◆ **Requirement**
The result is the exact lines from the one containing "Xingu' river, Brasil" through the final line of the entries; leave out the pictures.

Excerpts from a dataset
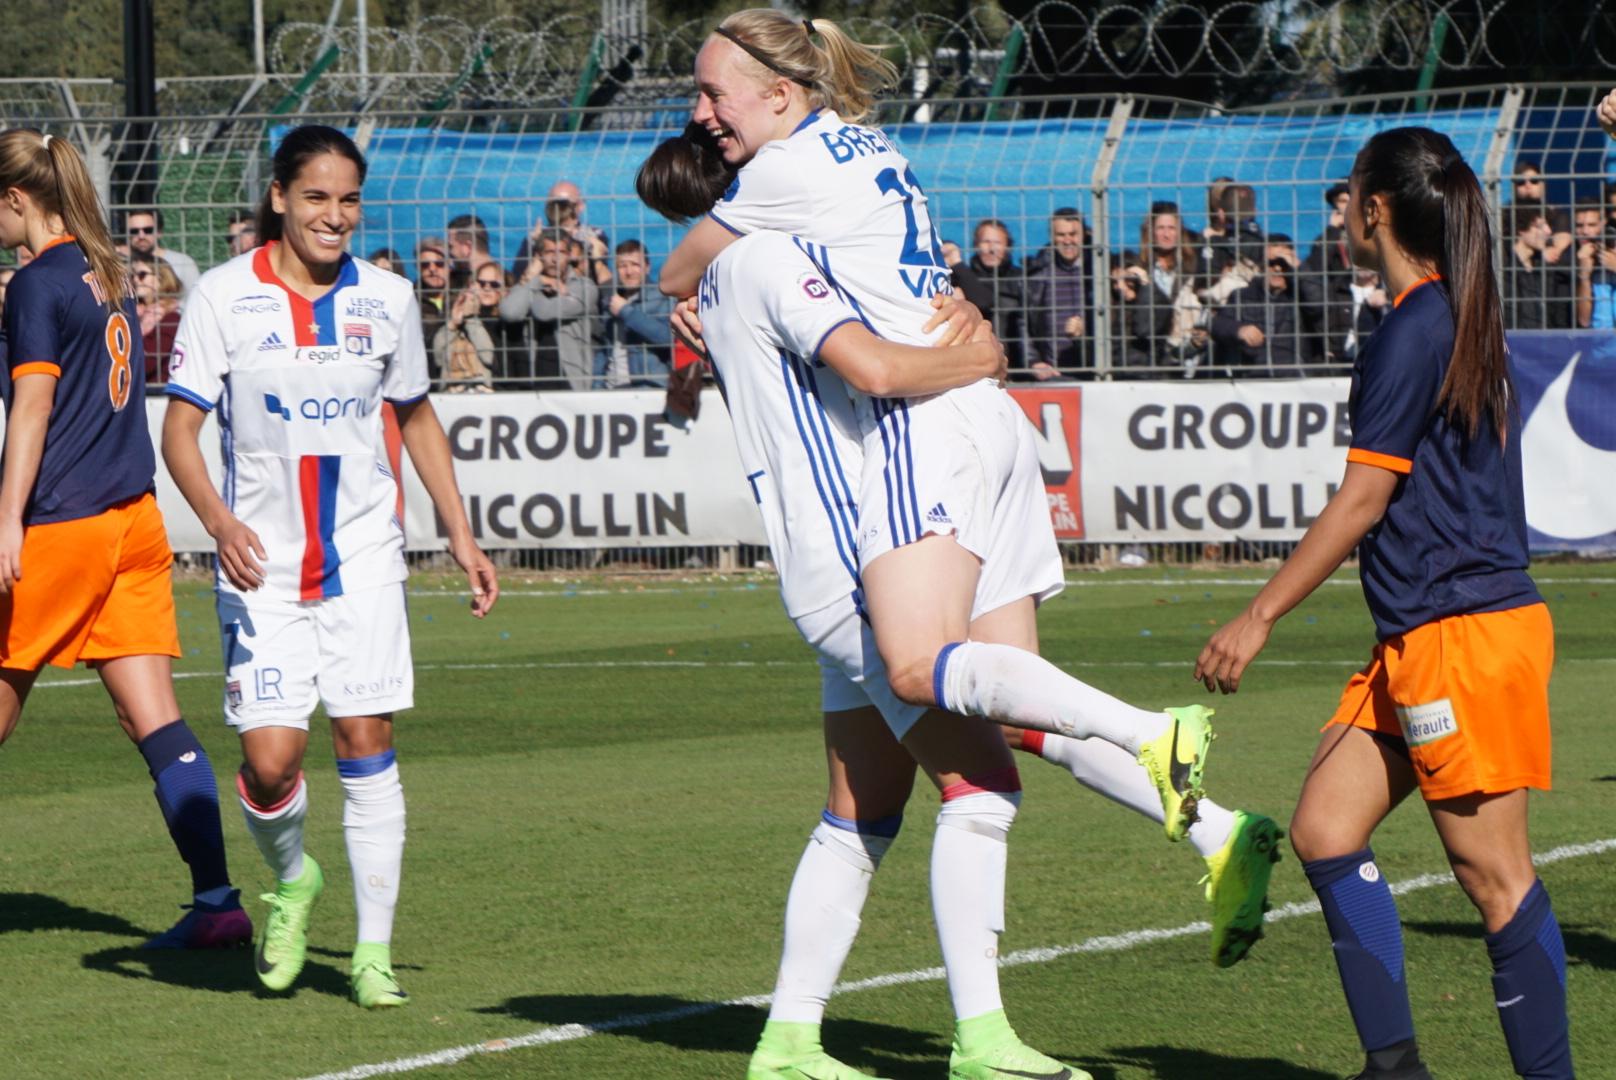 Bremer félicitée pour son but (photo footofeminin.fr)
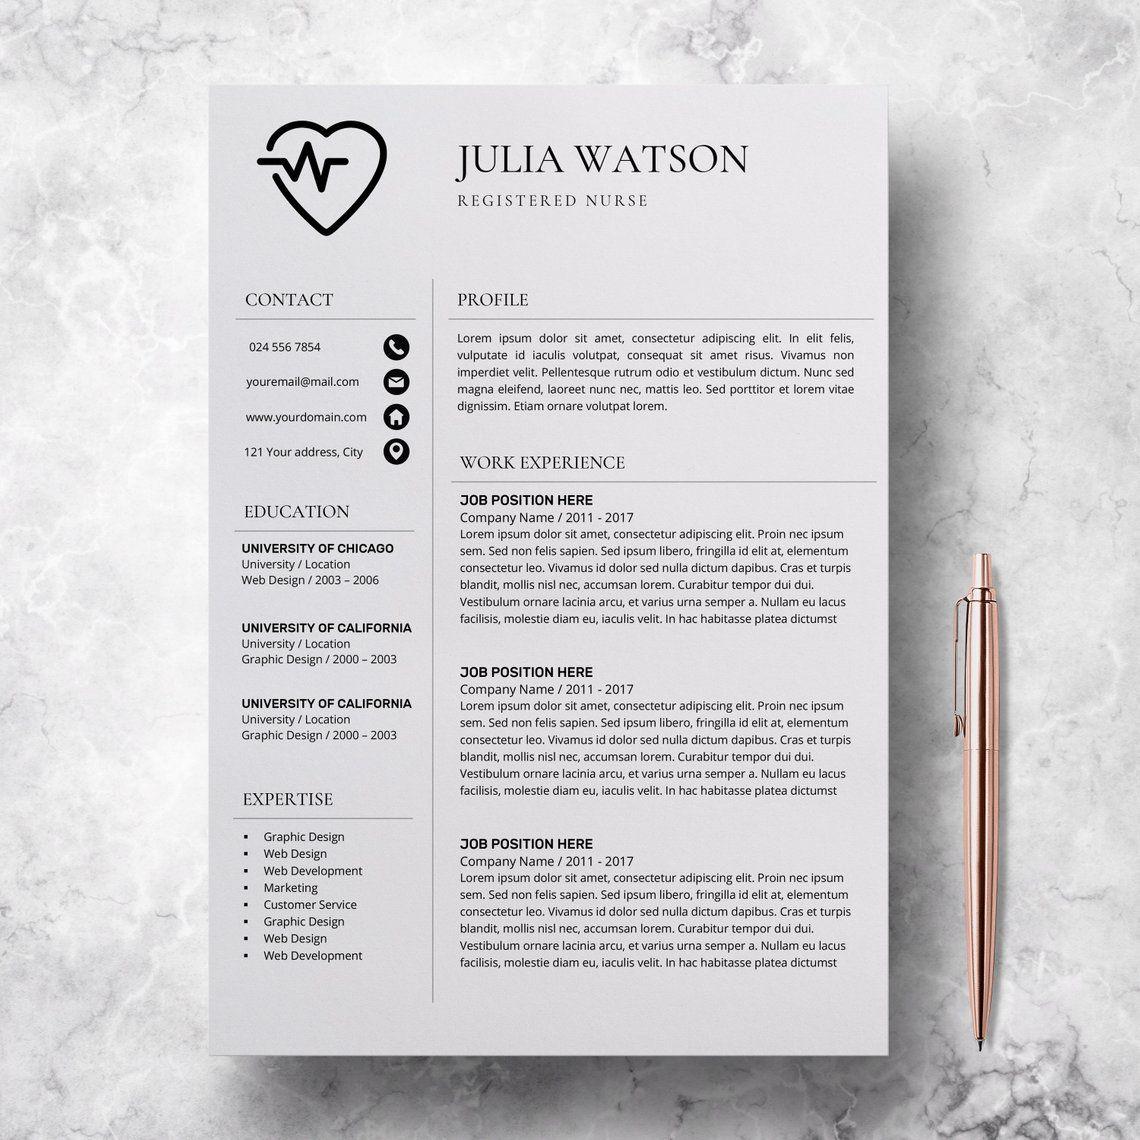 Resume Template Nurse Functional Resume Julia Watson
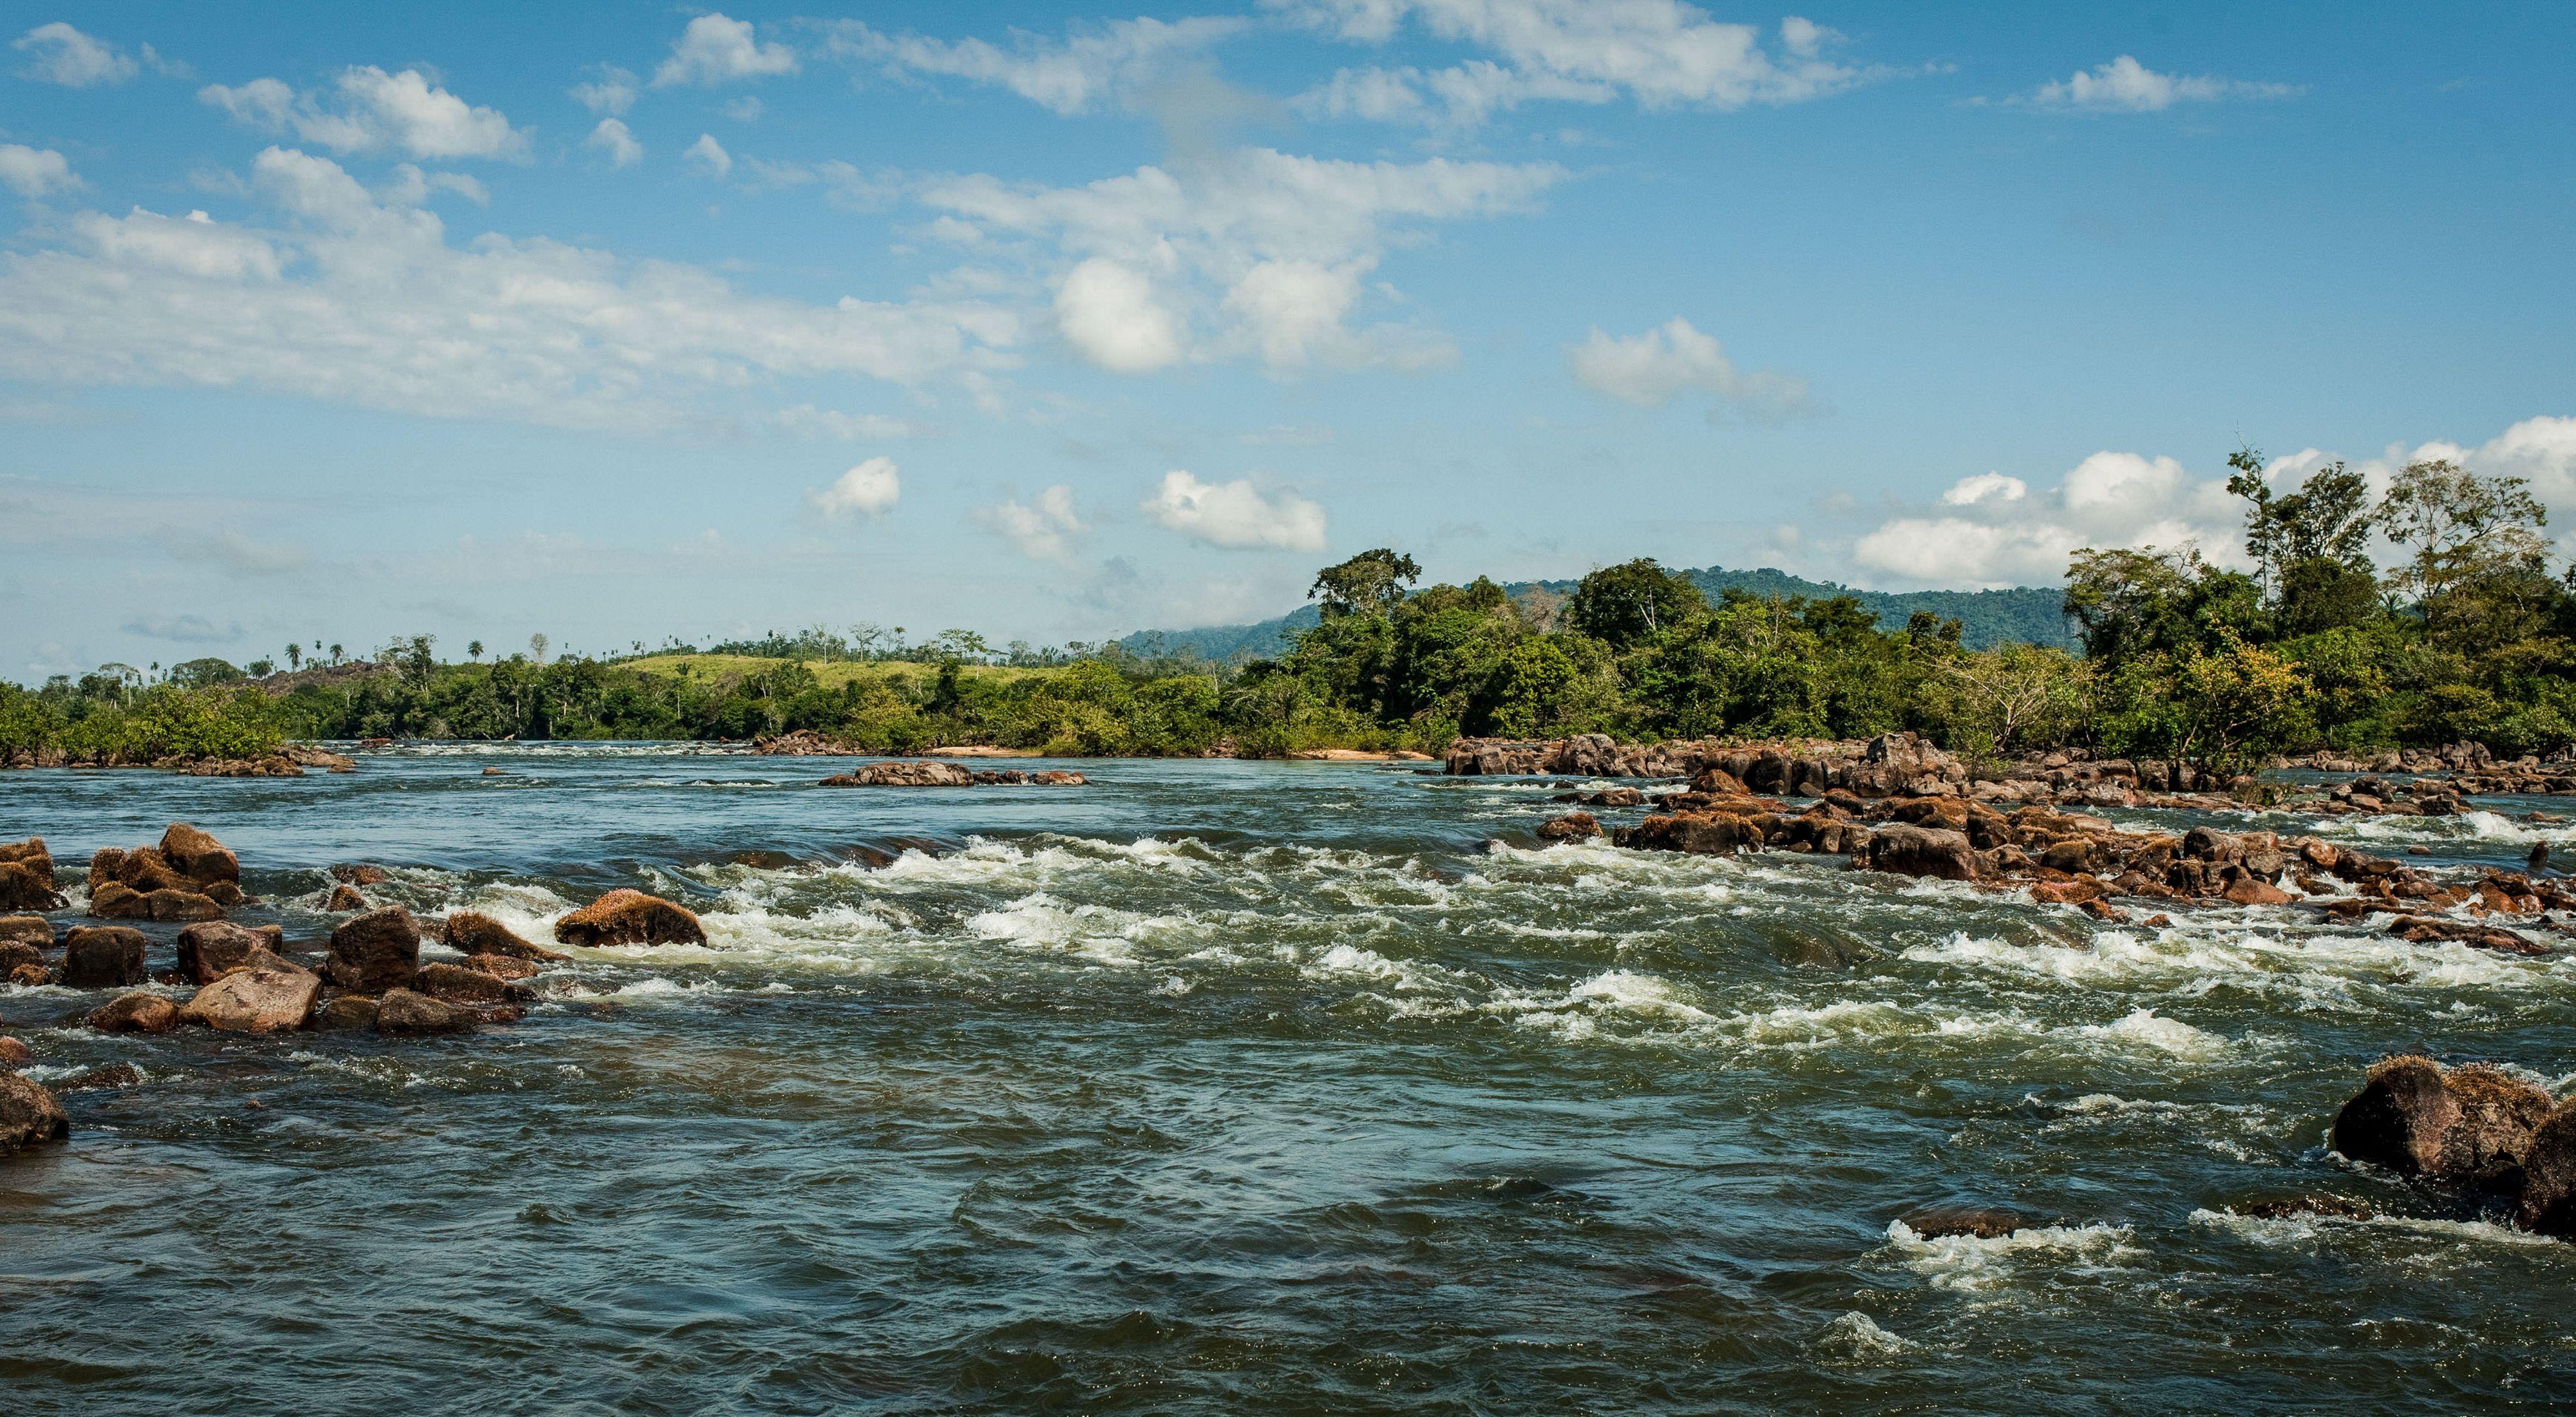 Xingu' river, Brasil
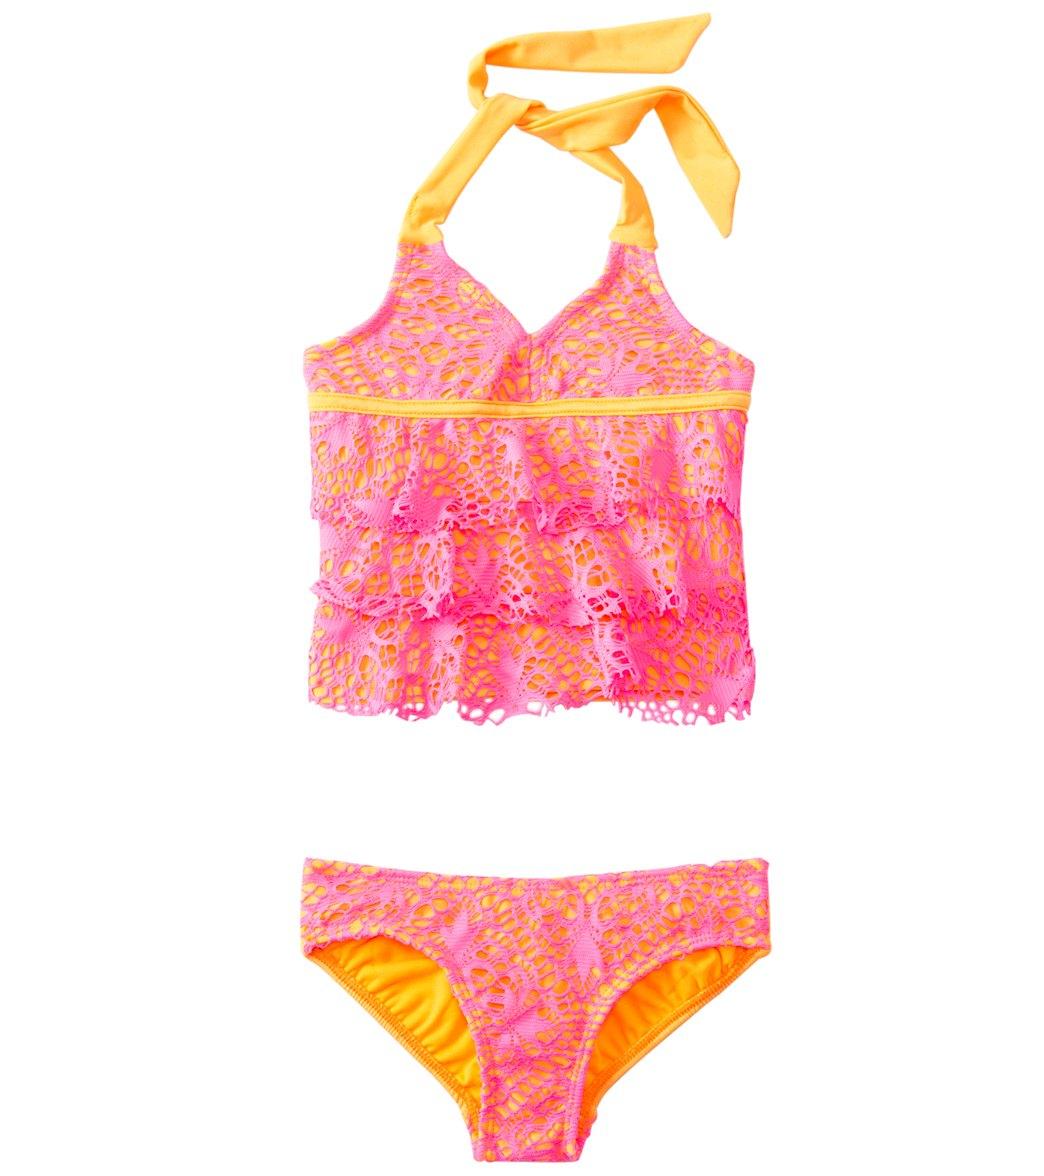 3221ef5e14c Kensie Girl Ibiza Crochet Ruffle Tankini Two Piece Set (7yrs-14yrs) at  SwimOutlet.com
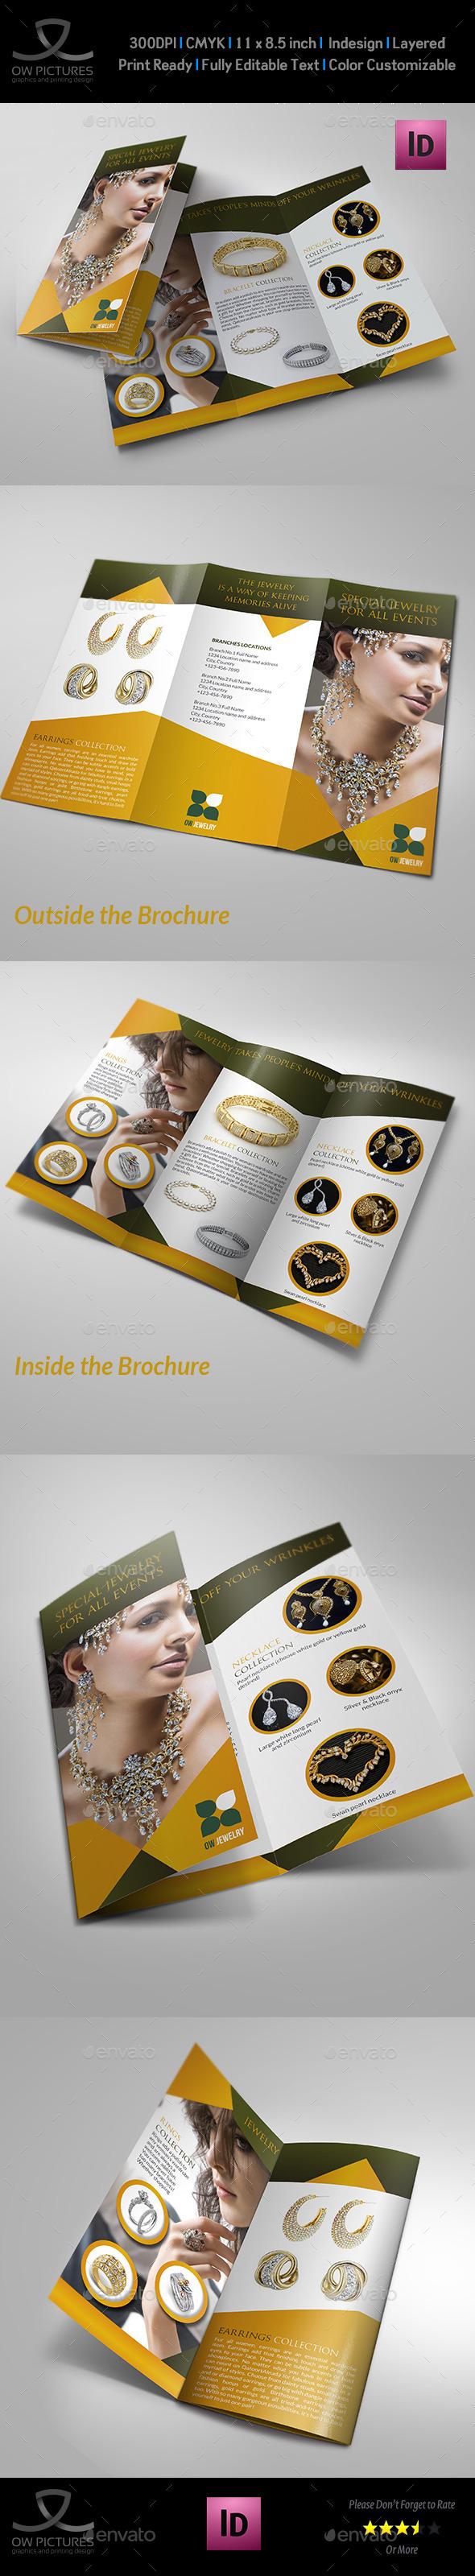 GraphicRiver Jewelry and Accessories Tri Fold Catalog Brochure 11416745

◆ **Reply to the task**
 Xingu' river, Brasil
 3221ef5e14c Kensie Girl Ibiza Crochet Ruffle Tankini Two Piece Set (7yrs-14yrs) at  SwimOutlet.com
 GraphicRiver Jewelry and Accessories Tri Fold Catalog Brochure 11416745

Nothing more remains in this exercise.